Great! Now, all we need to do is to train the object detection model and we are good to go, right? To burst the bubble, no. We talked plenty about the process, but we didn’t talk about the data itself, which is one of the main elements of any Data Science pipeline. So let’s put a pin on the model and process, and talk about data.

Let’s talk about another big distinction at this point, first. We always hear terms and phrases like, “Big Data”, “Data is the new gold”, “Data in abundance”, but the fact of the matter is that unstructured and unprocessed data is in abundance. And again, when we start learning about Deep Learning and Data Science in general, we come across datasets like Iris or MNIST, etc. These are well-processed data, and it takes effort to do that. This effort goes unrealized most of the time, but consider curating a dataset with 70,000 images of different digits, of different handwriting, or something even bigger and more relevant to the project, such as the COCO dataset. Collecting and processing such large-scale datasets is neither easy nor cheap. Most of the time in professional scenarios, the data relevant to the task is not available and rather needs to be collected, curated, and processed well before even considering starting the whole training-testing-experimentation cycle.

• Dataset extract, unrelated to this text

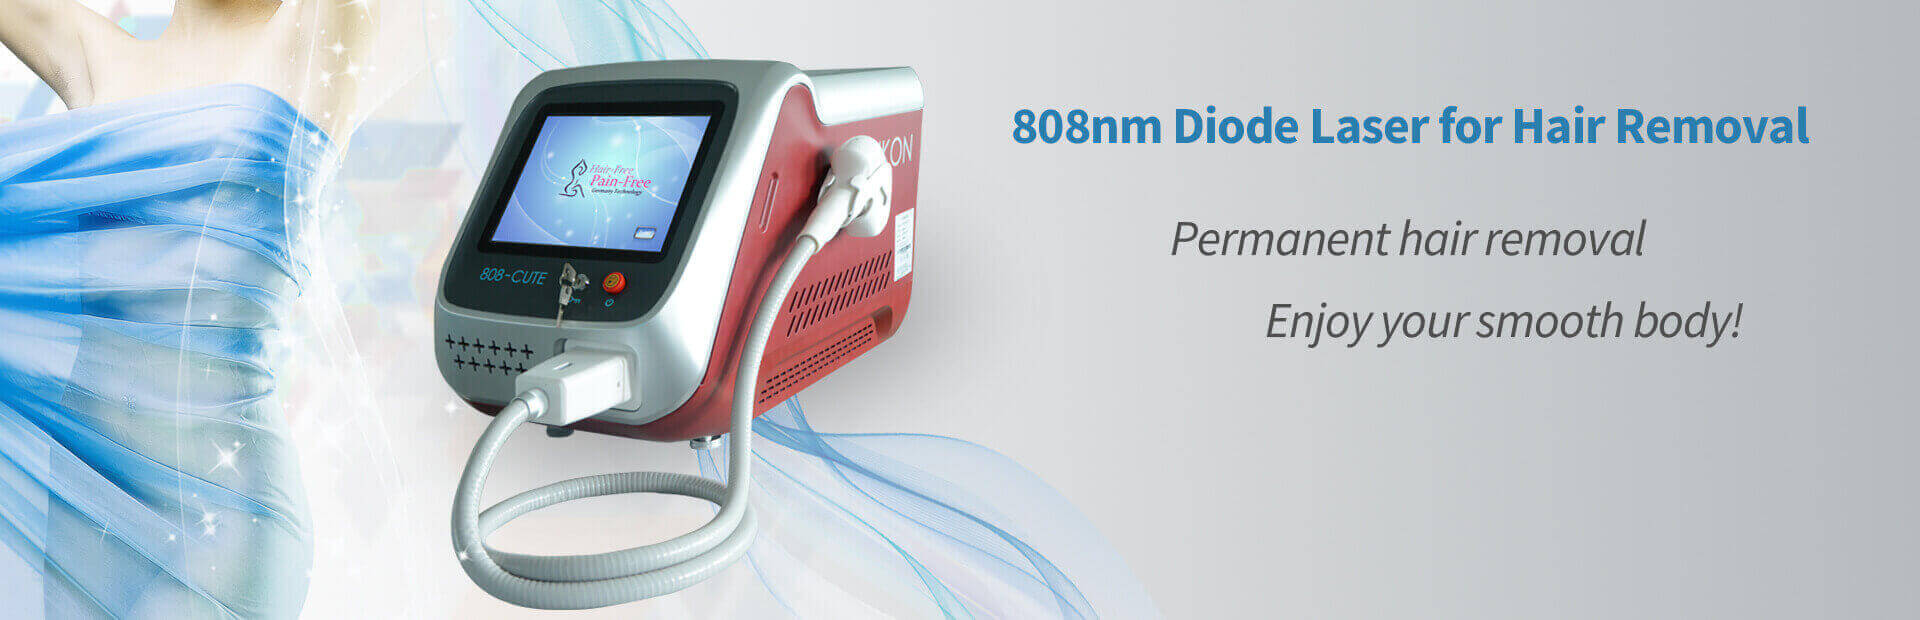 808Cute 1200w high power 808nm diode laser micro channel for permanent hair removal machine

And such is our case. We need a dataset of food ingredients, with bounding box information of different labels across all these images. And spoiler alert, such a dataset is not readily available, and hence we need to put in the extra effort to prepare the dataset ourselves, which is more of a manual boring task than a fun coding challenge, but again, a very crucial part of the whole lifecycle.

This step in the project lifecycle involves us collecting data, annotating it with bounding box information, structuring it before it can then be passed on to the model for training. For the sake of simplicity, we rather choose to work with 10–20 ingredients than a whole bunch of ingredients, sleepless nights, and a jug full of coffee. The ingredients are chosen as per their frequency in different dishes in the Indian Food 101 dataset. As of now, only 10 ingredients are chosen. This dataset will also be important in a later part when we would have to predict dishes from the recognized ingredients, but more on that later.

Curry leaves, Garam masala, Ghee, Ginger, Jaggery, Milk, Rice flour, Sugar, Tomato, Urad dal

Now that we have our list of top 10 dishes that we want to work with, we need a way to collect this data, and that too in a well-structured way. There could be multiple ways of doing this. One can go around flaunting their photography skills and get images of these 10 ingredients, but that sounds too much manual labor. Engineering is also about being crafty and lazy, which leads to smart alternatives to painstaking work. Hence, an easy alternative to this would be to download the data from different free sources and web searches. But an even smarter approach would be to write a web scraper to get the data automatically from different free sources.

We choose the third option. Writing a web scraper to do the task for us, is better than clicking and collecting images manually ourselves. We collect the data in a manner that for each label(food ingredient) there is a separate folder, and we can control the number of images we want to scrape.

food-ingredients/
|--curry-leaves/
|--garam-masala/
.
.
.
|--urad-dal/

There remains one task left before getting back to the model itself, and with fewer alternatives than the previous one. The task of annotating and creating bounding boxes on each of the images. Either we can do this manually using tools like LabelImg or we can choose some entirely different approach, such as Semi-supervised object localization, but let’s refrain from talking about the latter since it’s out of the scope for this discussion. Let’s stay on this track and manually annotate the data. The YOLO v5 project expects a very particular directory structure for the data:

Folder Structure

And hence we convert the above data to replicate the above folder structure with the following piece of code:

After this using the LabelImg tool we generate the bounding boxes for each of the images in the train and val splits. And here is when we go back to our initial motivation and remind ourselves why we were working on this project in the first place.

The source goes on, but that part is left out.